- Anjanwel Location in Maharashtra
- Coordinates: 17°33′N 73°09′E﻿ / ﻿17.550°N 73.150°E
- Country: India
- State: Maharashtra
- Region: Konkan
- District: Ratnagiri
- Taluka: Guhagar
- Elevation: 24 m (79 ft)

Languages
- • Official: Marathi
- Time zone: UTC+5:30 (IST)
- PIN: 415703
- Telephone code: 91-2359

= Anjanwel =

Anjanwel is a small coastal town in Guhagar taluka, Ratnagiri district, in the Konkan region and administrative division of the Indian state of Maharashtra. It is located around 80 km north of the district headquarters of Ratnagiri, 10 km north of its taluka, and 200 km south of Mumbai, the state capital. Marathi is the official language spoken by everyone in the village.
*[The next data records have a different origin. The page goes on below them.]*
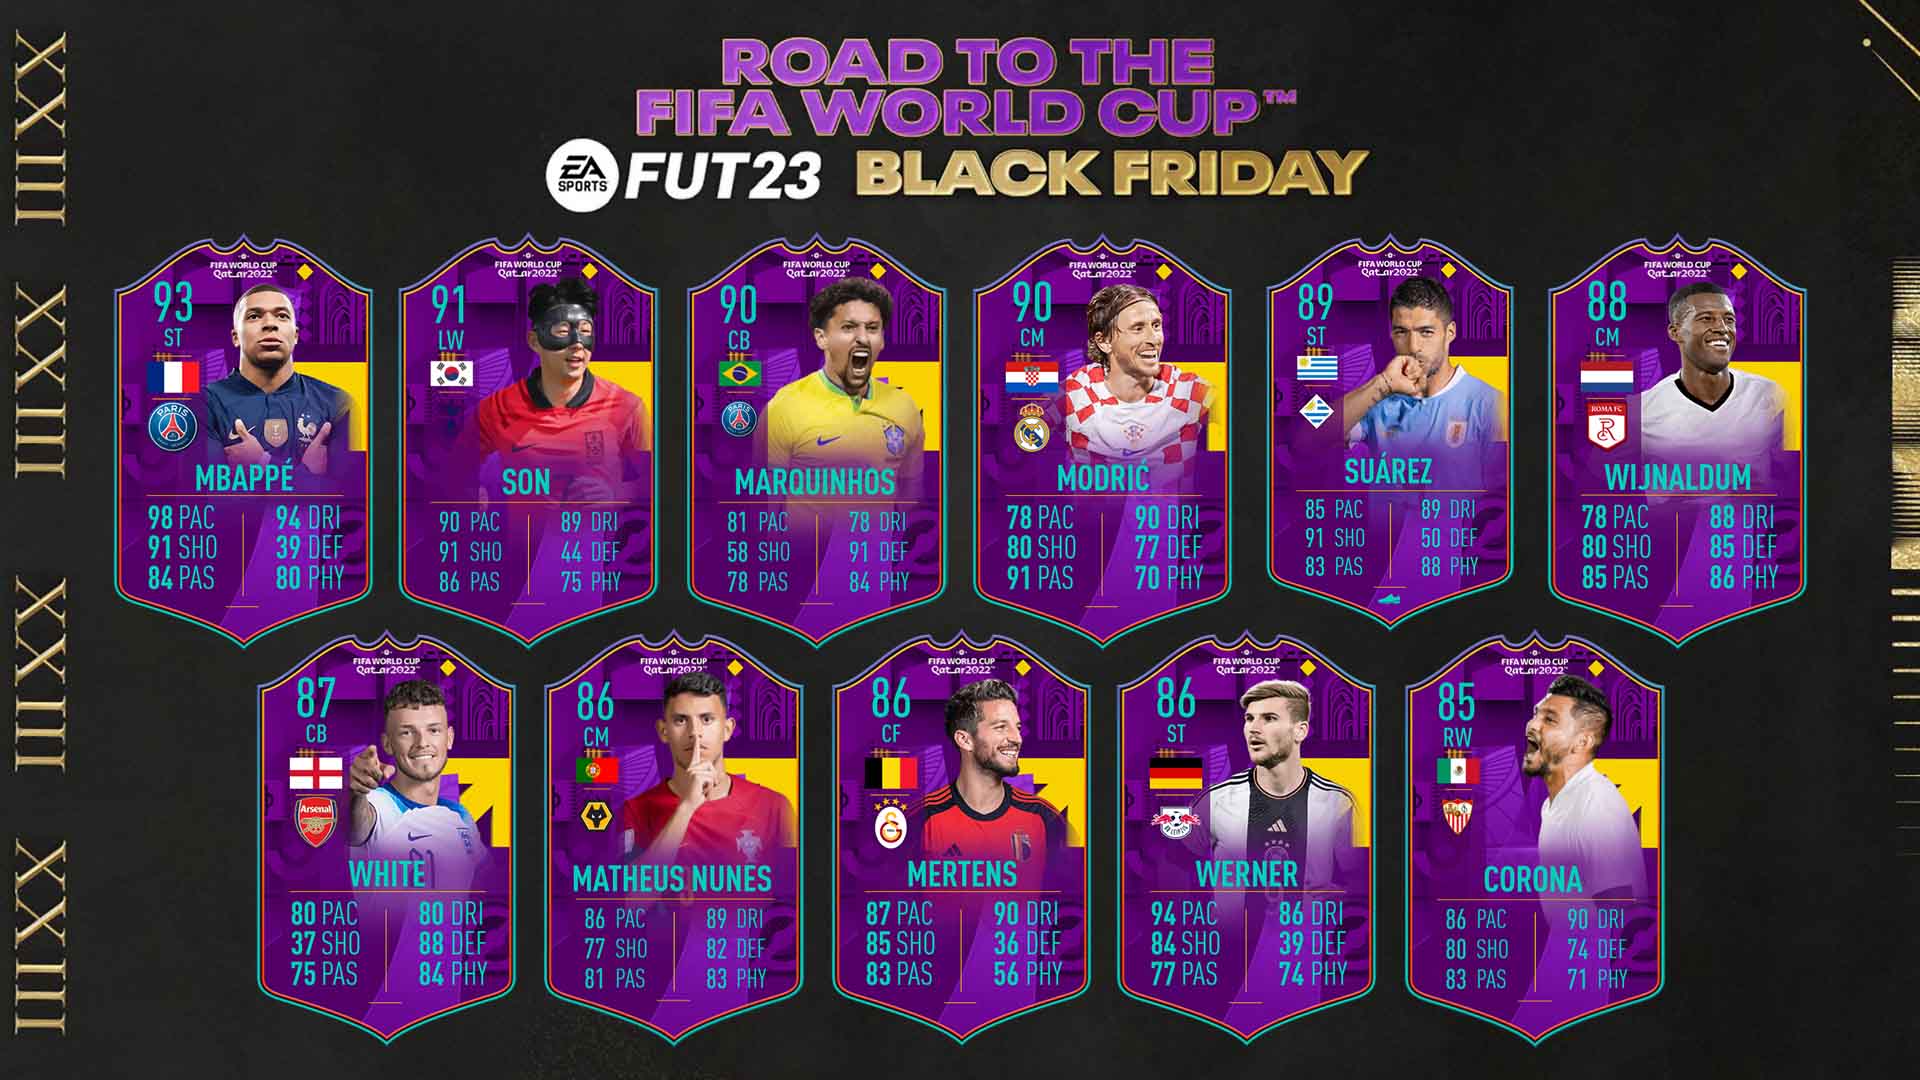 Bilder zu FIFA 23: Road to the World Cup Tracker - Alle Spieler und ihre Upgrades im Überblick
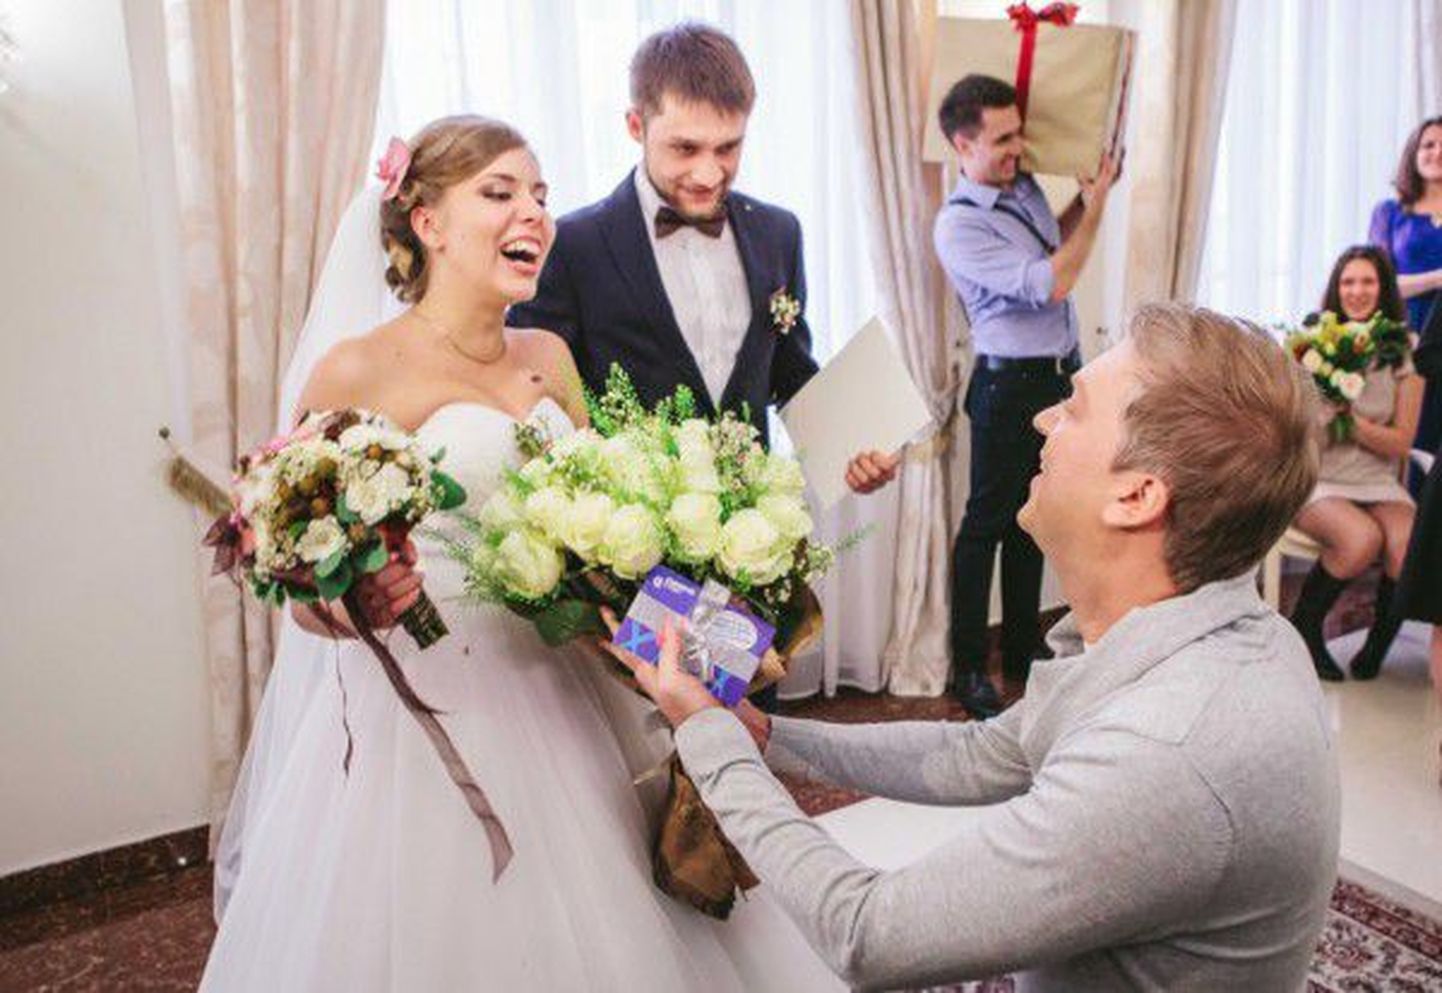 Сергей Светлаков посетил свадьбу поклонников.
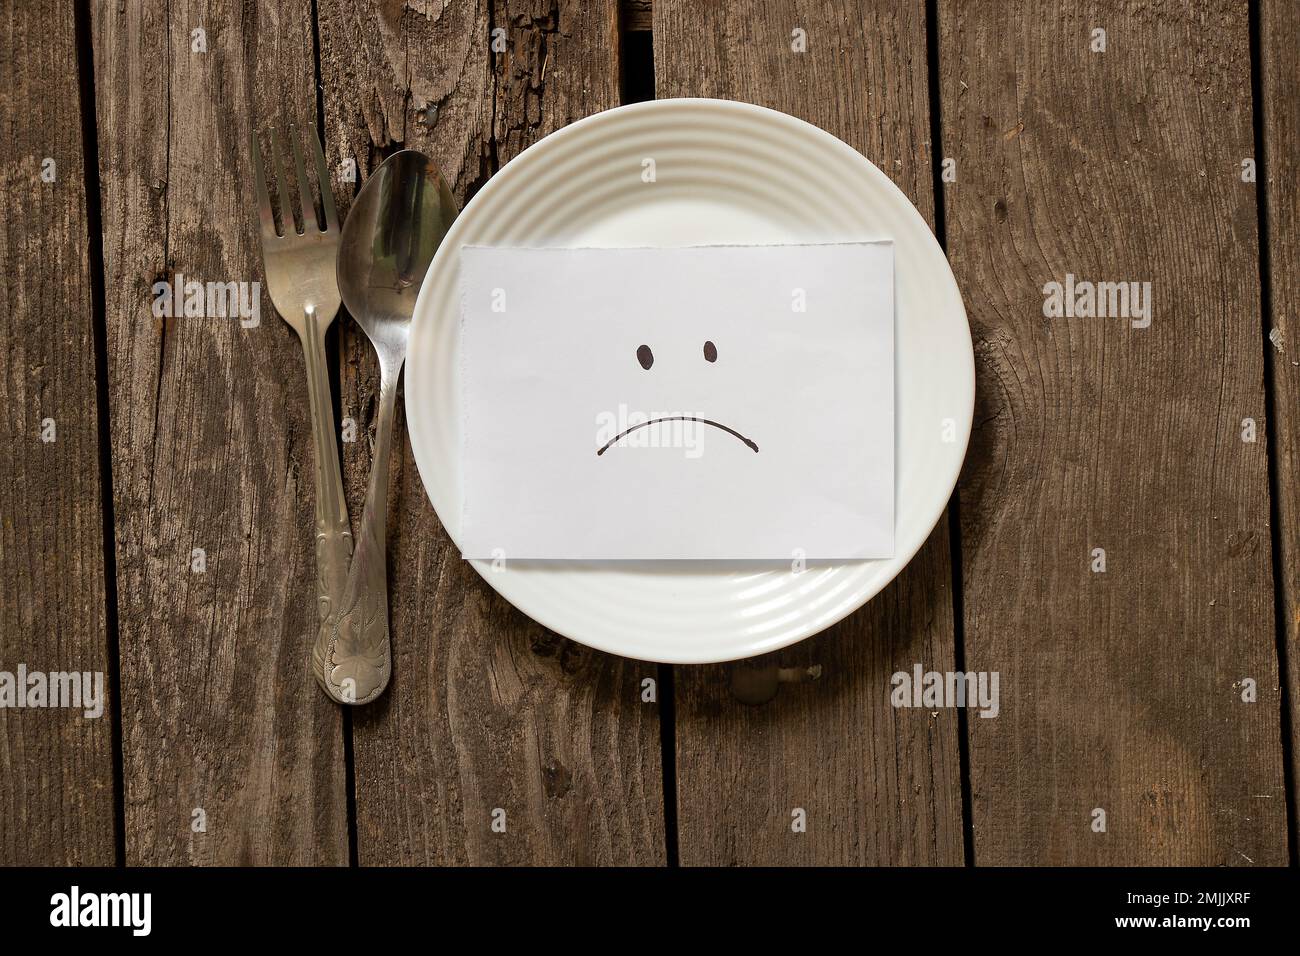 assiette vide avec un smiley triste sur papier et une fourchette avec une cuillère sur une table en bois, rien à manger Banque D'Images
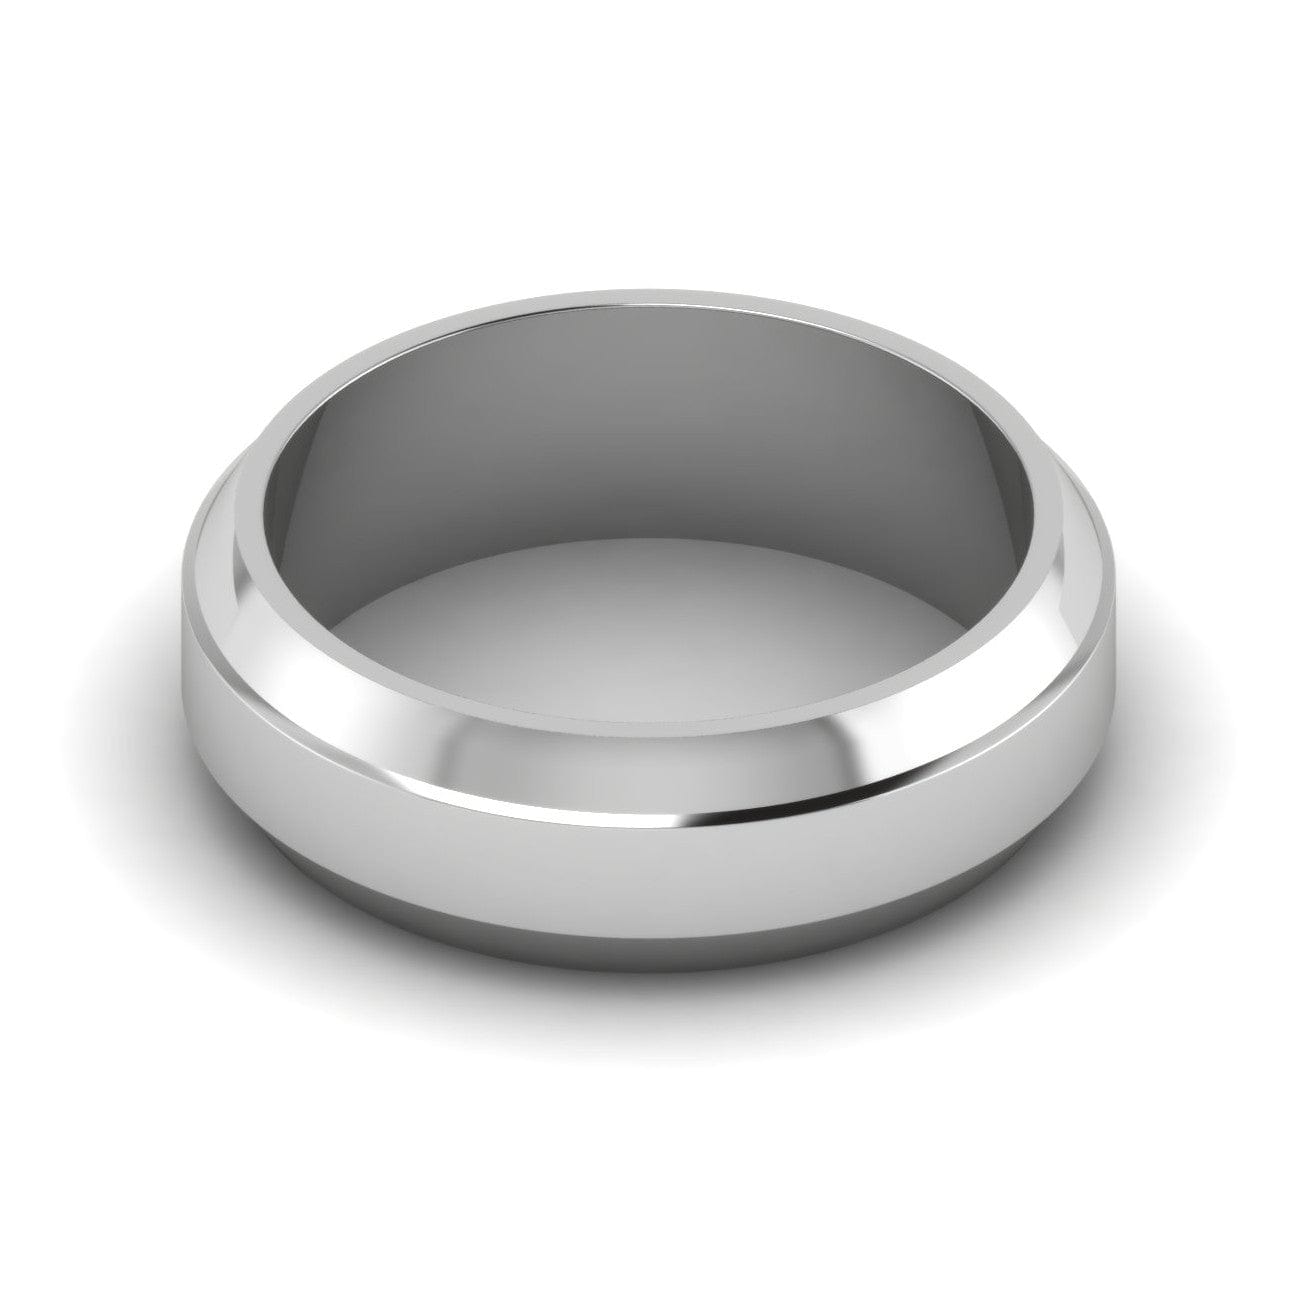 Platinum ring Van Cleef & Arpels Silver size 9 ½ US in Platinum - 25499073

The nearest villages are Veldur, which is home of an Enron plant, Dhopawe, Vanoshi T. Panchanadi, Navse, and Sakhari Trishul. The Gopalgad Fort, also known as Anjanvel Fort is a coastal fort, half of the fort is on a hill and the other half is directly adjacent to the Arabian Sea. Anjanwel has a tropical monsoon climate with 47% of humidity also due to its proximity to the sea.